The only feeling worse than a coffee high is crushing your own finger with a sledgehammer, which is what I did when I tried to work off the caffeine by doing some yard work and splitting wood. I was trying to get the wedge to stay put in a piece of wood that must have been part of the great pyramid of cheops. The wedge wouldn't stand by itself, so I thought it would be a good idea to hold it with my fingers while I swung a seven-pound sledgehammer over the back of my shoulder and down onto my fingers with as much power as I could summon from my amphetamine-amplified muscles, missing the wedge completely, crushing the bone and sinew in my thumb. My aim was never very good. It did not improve with twelve espressos.

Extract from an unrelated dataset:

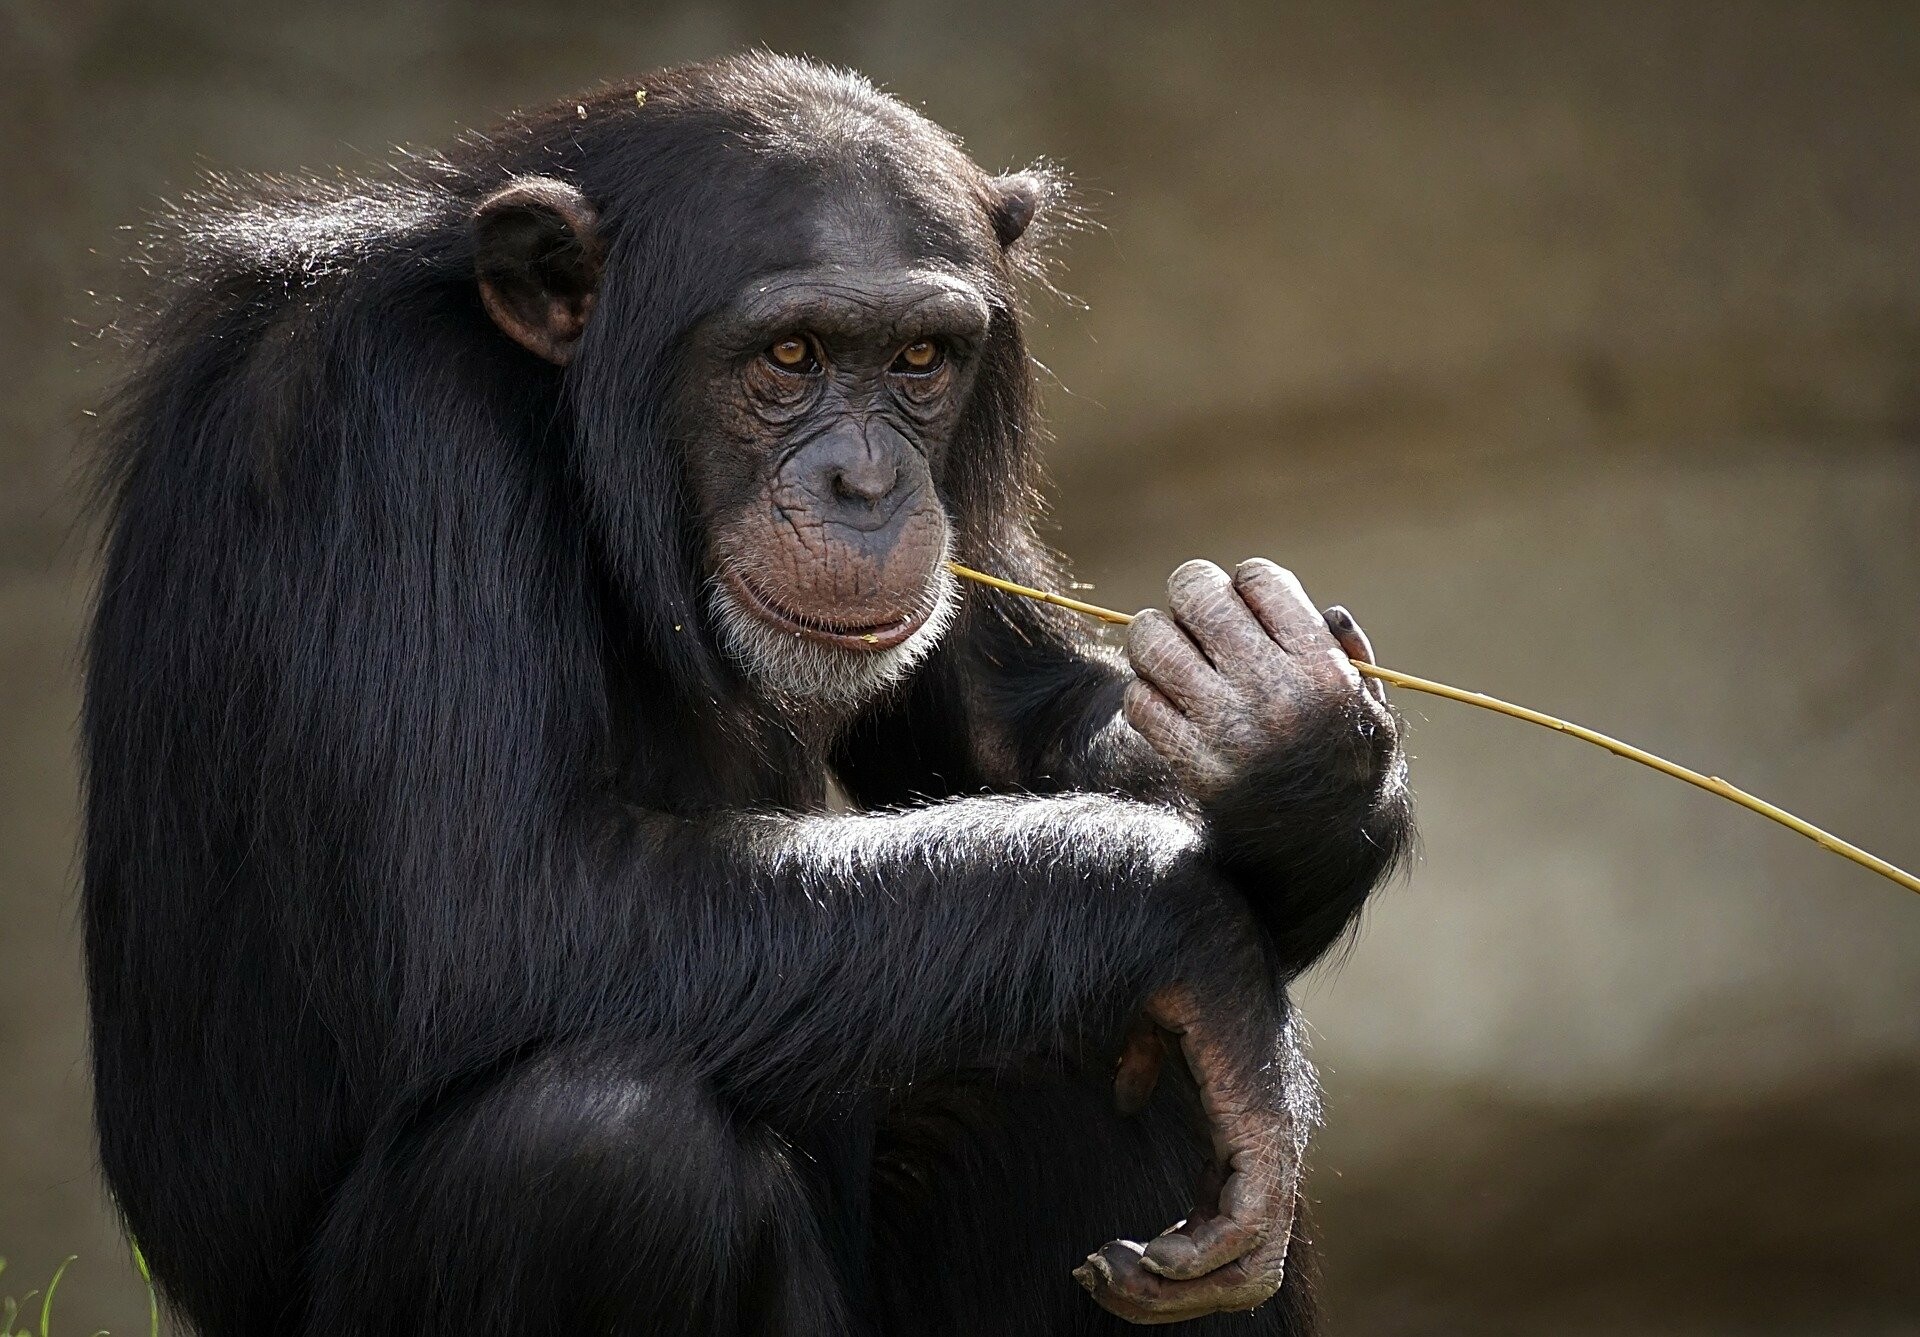 Αττικό Ζωολογικό Πάρκο: Βίντεο ντοκουμέντο με θανάτωση χιμπατζή που δραπετεύσε

"Good thing I have two," was the stupidity that went through my mind when I saw my smashed finger.

Pain of that amplitude has inertia. It takes some time to build up speed so there's at least half a minute where you can admire the damage before the wave hits you. When it hits you you have two choices. You can be a man and with stiff spine go back into your home asking: "Dear, where are the car keys? I don't want to trouble anyone with the carcass. I must drive myself to the morgue."

Or you can be me. Walk into the kitchen, put your nearly severed limb under cold water, and collapse to your knees gurgling spit and pretending seizures.

And so this is why you get married. So someone will take you to the hospital when your legs won't stop moving and the pain in your hand is so bad you'd rather they sawed off your arm than tried to fix it. You get married to have somebody to laugh at you when you eviscerate yourself with jig saws and quarter-inch mini drills. You simply must marry that person who feels you deserve to remain in the gene pool despite your best efforts to take yourself out. You get married to have someone to lean on when you limp into the emergency room.

You get married so on the way home somebody will say, "My poor baby," and then kiss it and make it better.